▶ _What you should do_:
Make an exact copy of the data below, leaving out every picture.

Dataset items:

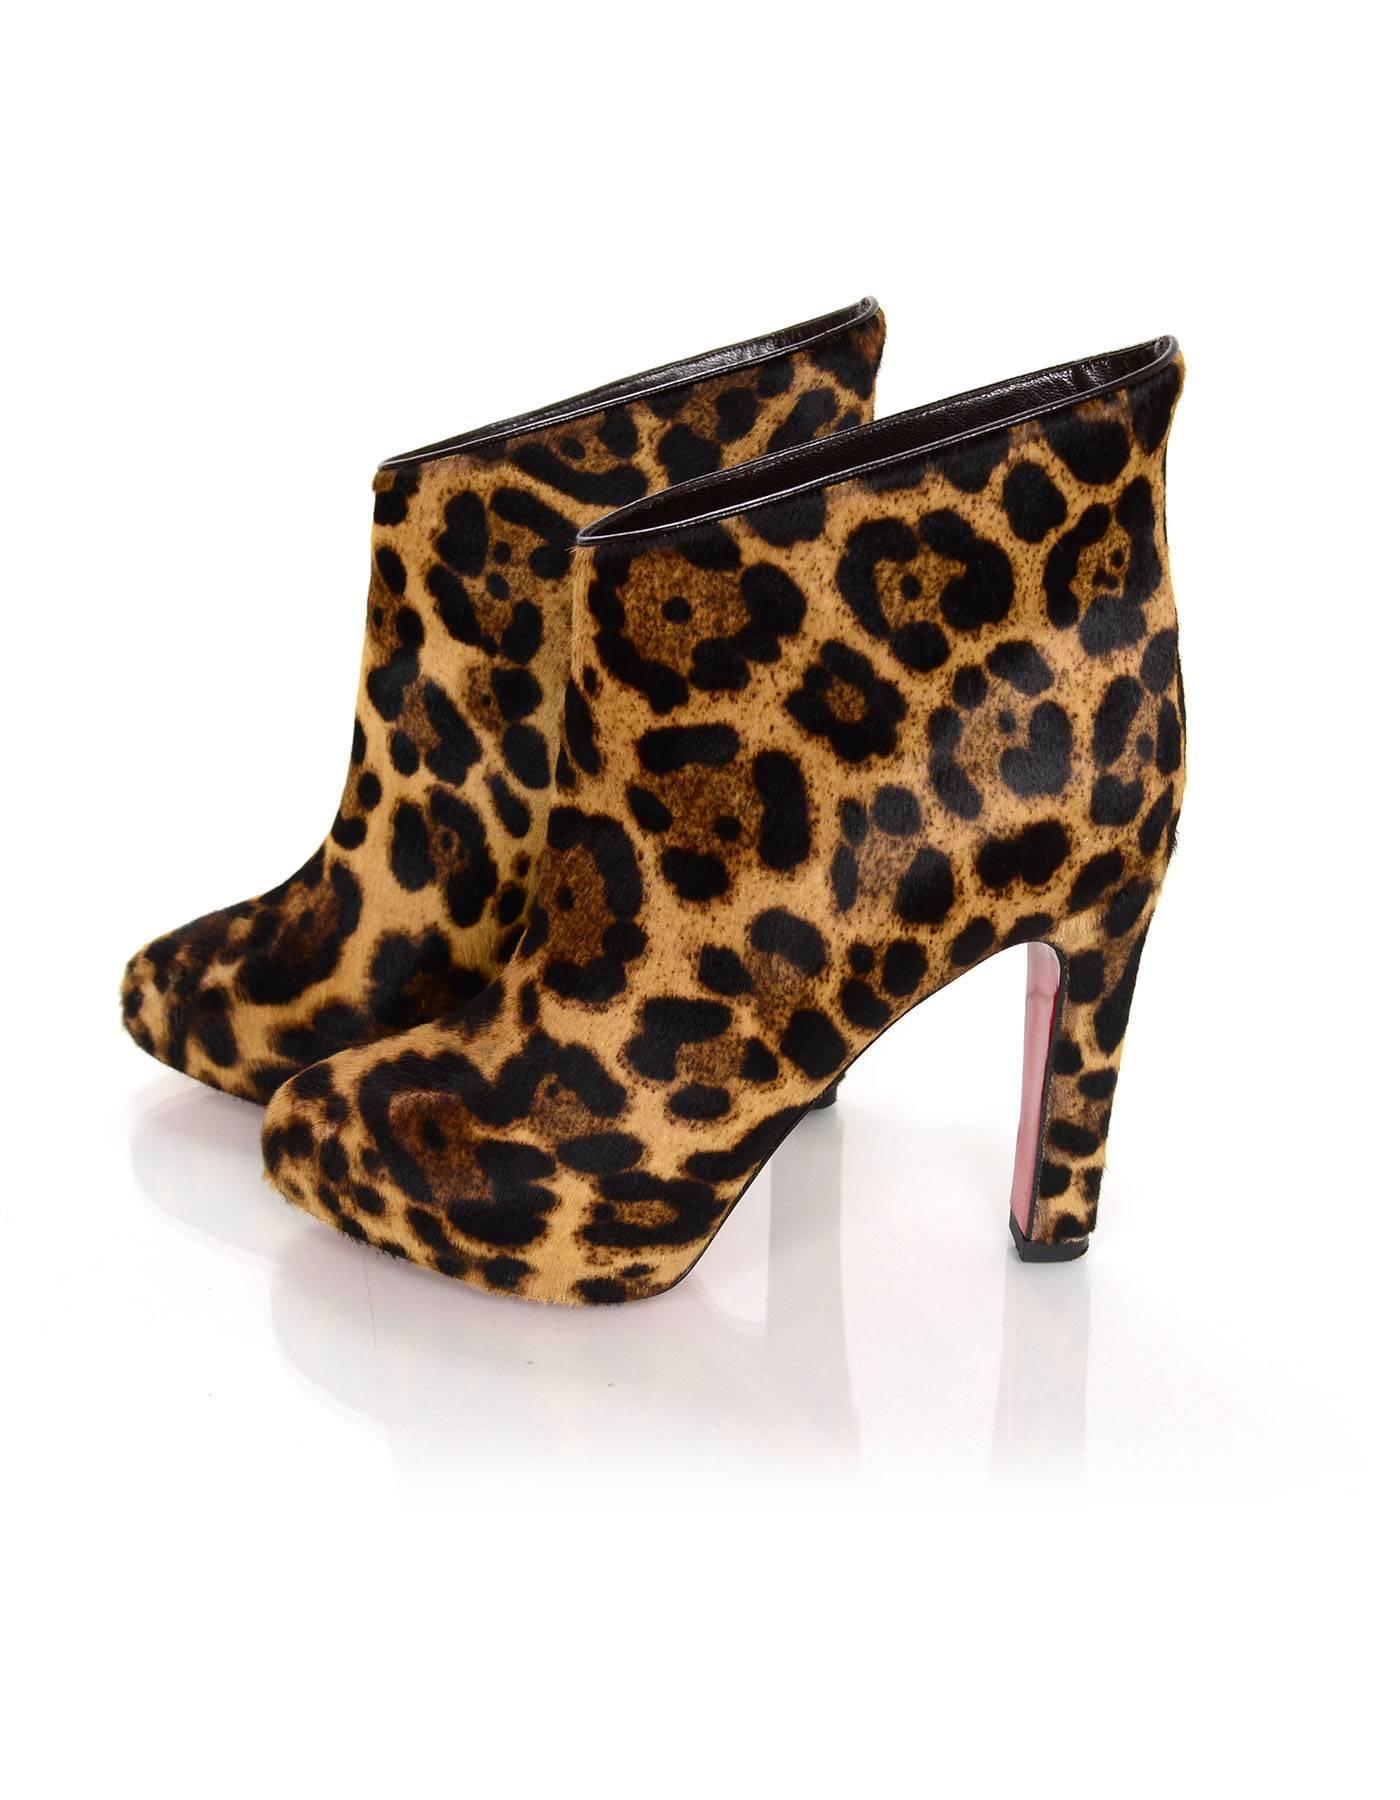 Christian Louboutin Leopard Print Calfskin KST 120 Ankle Booties 
Features hidden platform

Made In: Italy
Color: Black and tan
Materials: Calfskin (ponyhair)
Closure/Opening: Pull on
Sole Stamp: Christian Louboutin Made in Italy 37
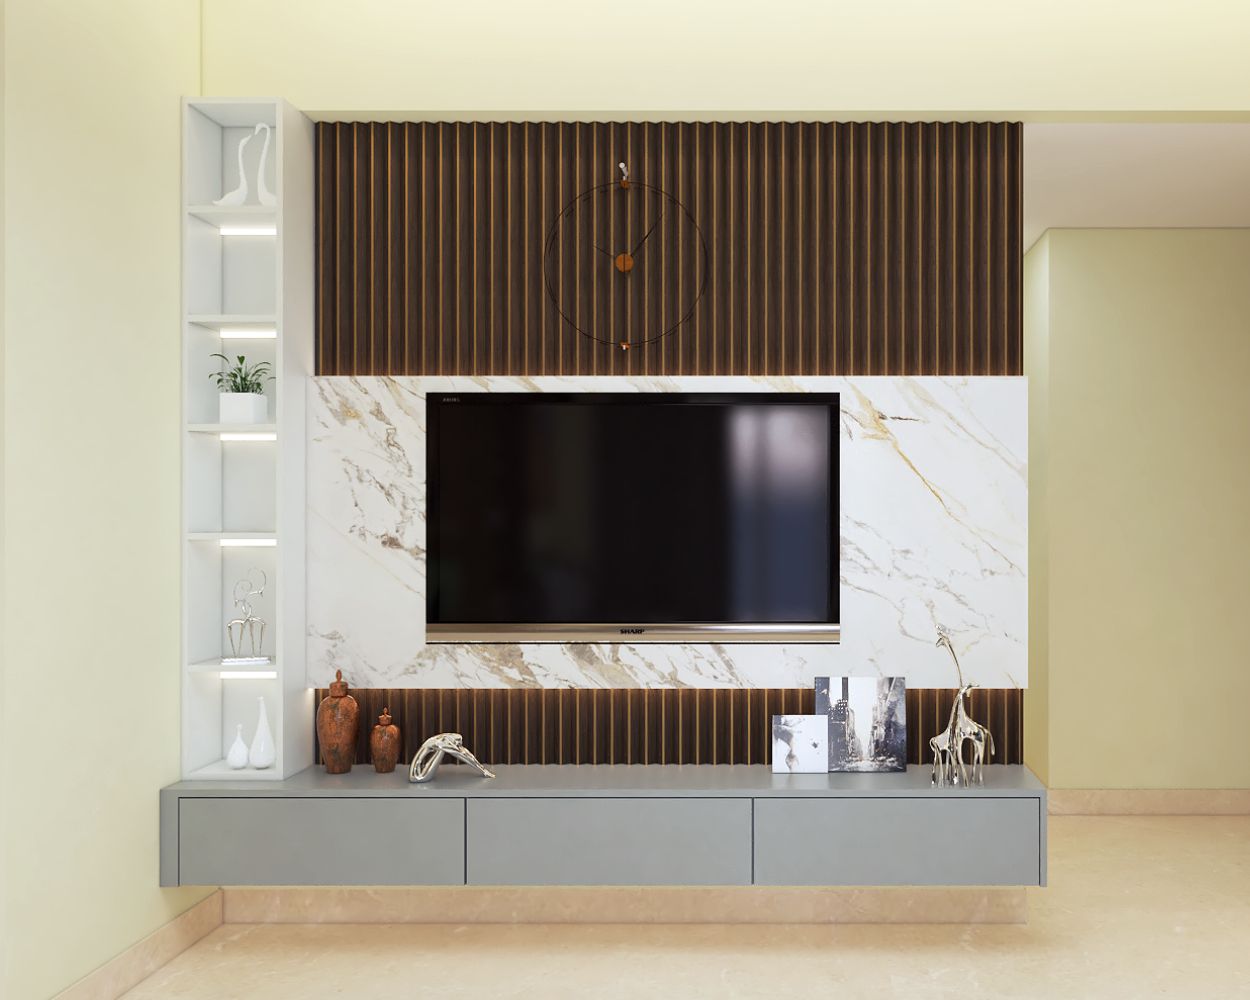 Grey And White Modern TV Unit Design Wth Wooden Fluted Panelling And White Marble Accent Wall
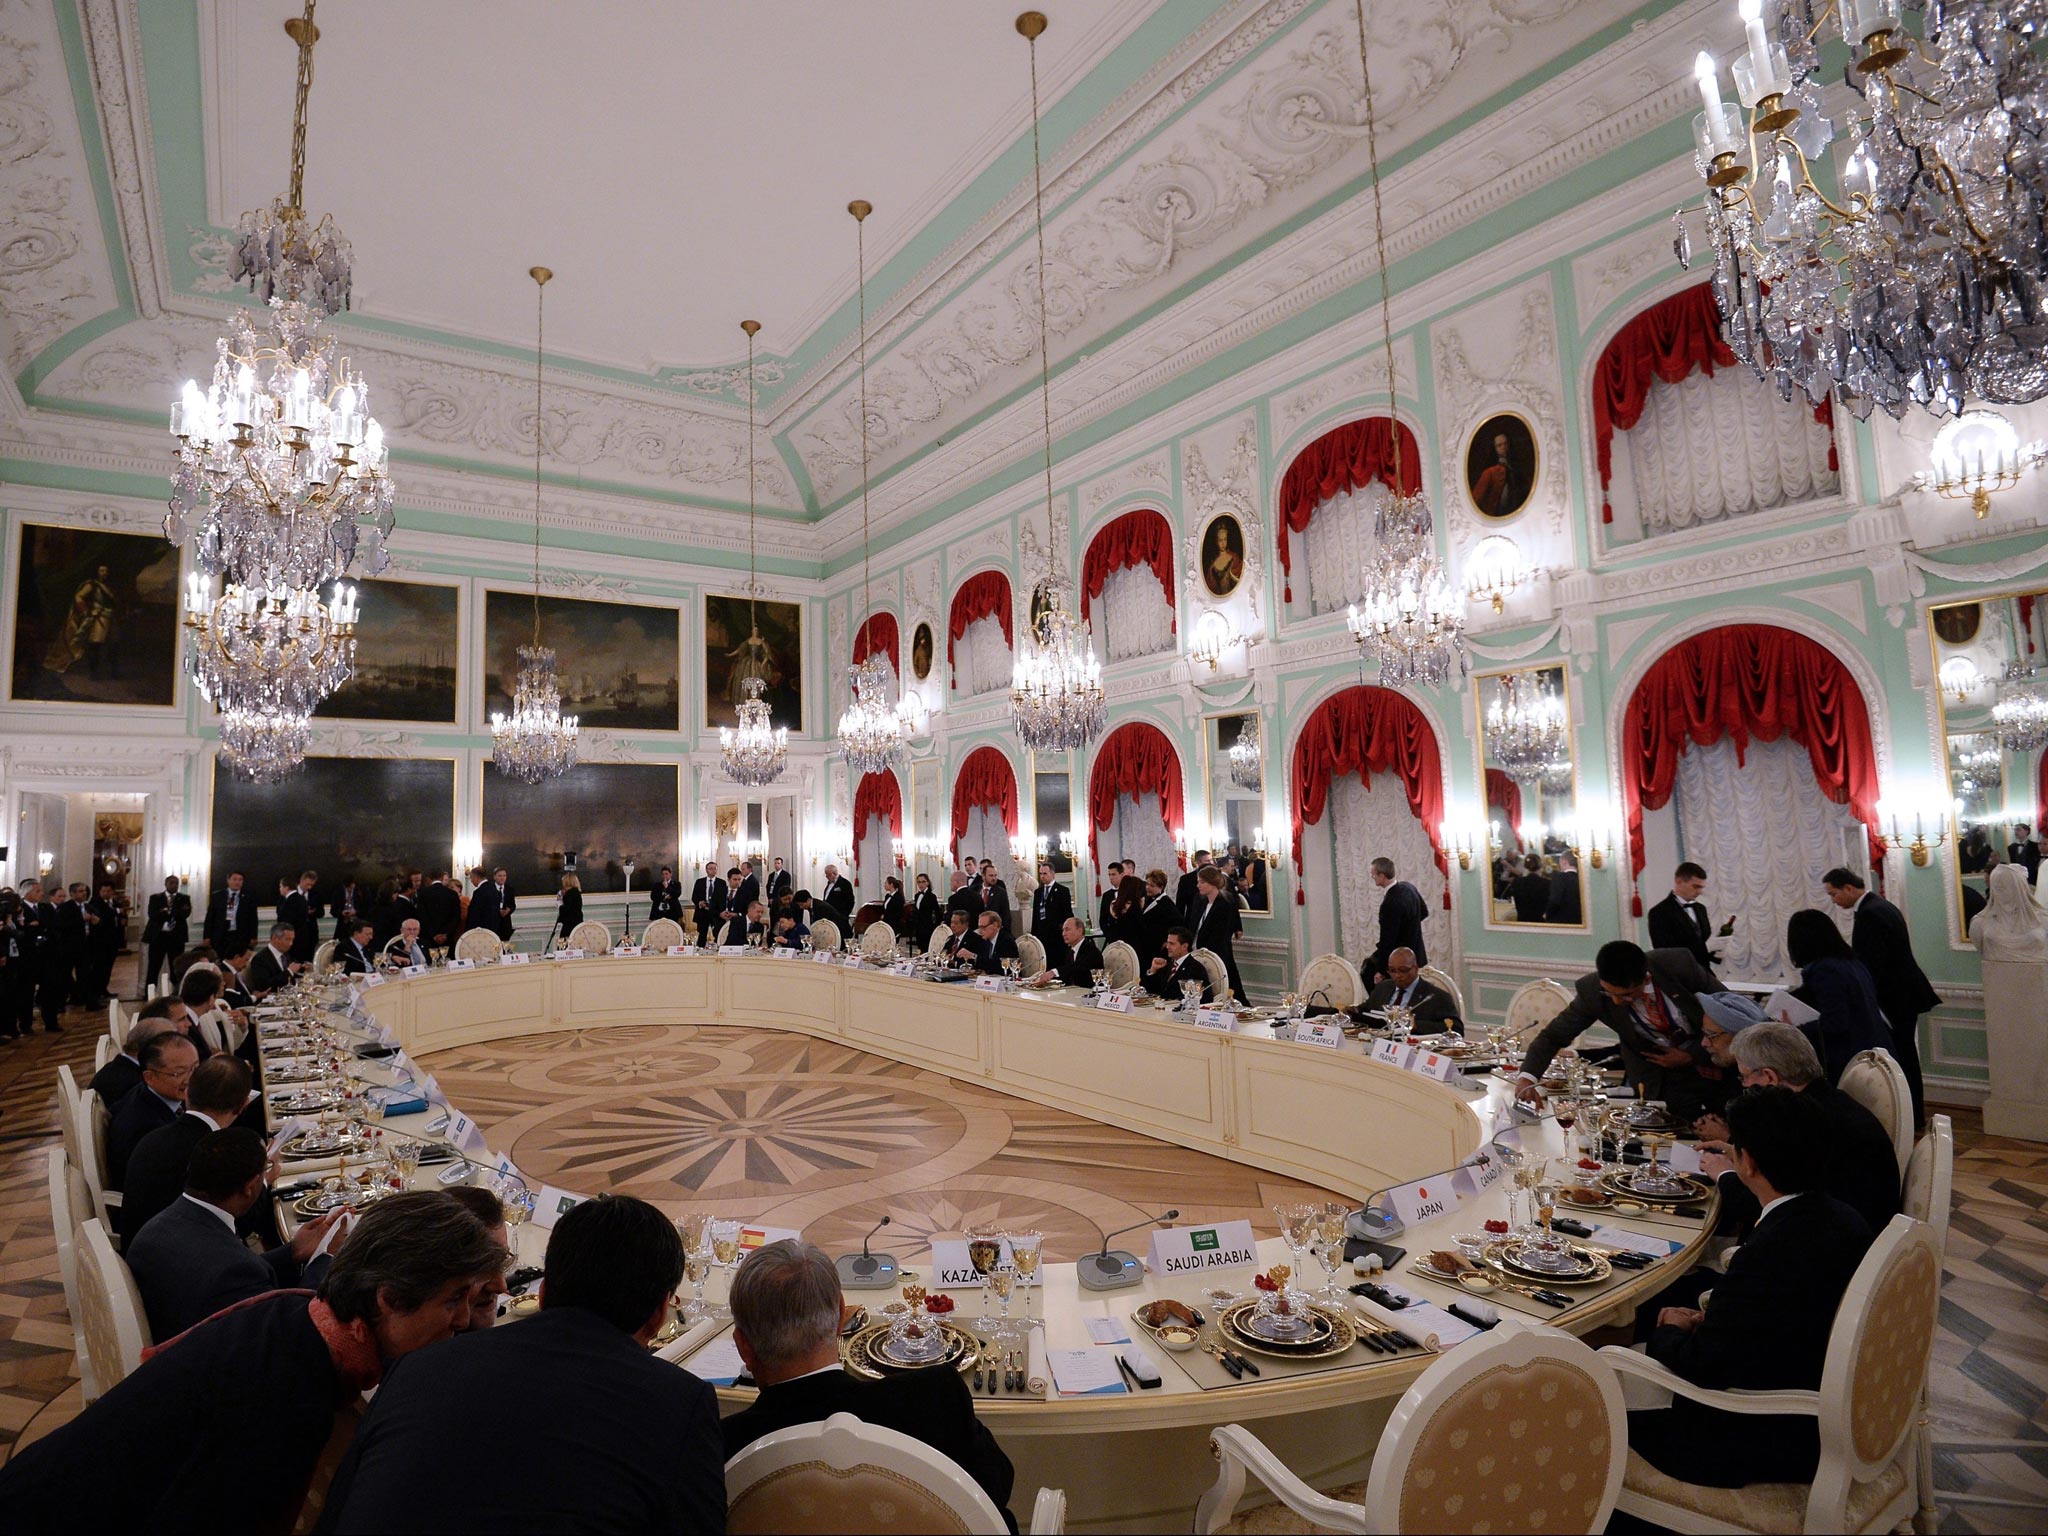 Twenty leaders attend a working dinner after the first session of the G20 Summit in St. Petersburg, Russia

▶ _Response to this exercise_:
 Christian Louboutin Leopard Print Calfskin KST 120 Ankle Booties 
Features hidden platform

Made In: Italy
Color: Black and tan
Materials: Calfskin (ponyhair)
Closure/Opening: Pull on
Sole Stamp: Christian Louboutin Made in Italy 37
 Grey And White Modern TV Unit Design Wth Wooden Fluted Panelling And White Marble Accent Wall
 Twenty leaders attend a working dinner after the first session of the G20 Summit in St. Petersburg, Russia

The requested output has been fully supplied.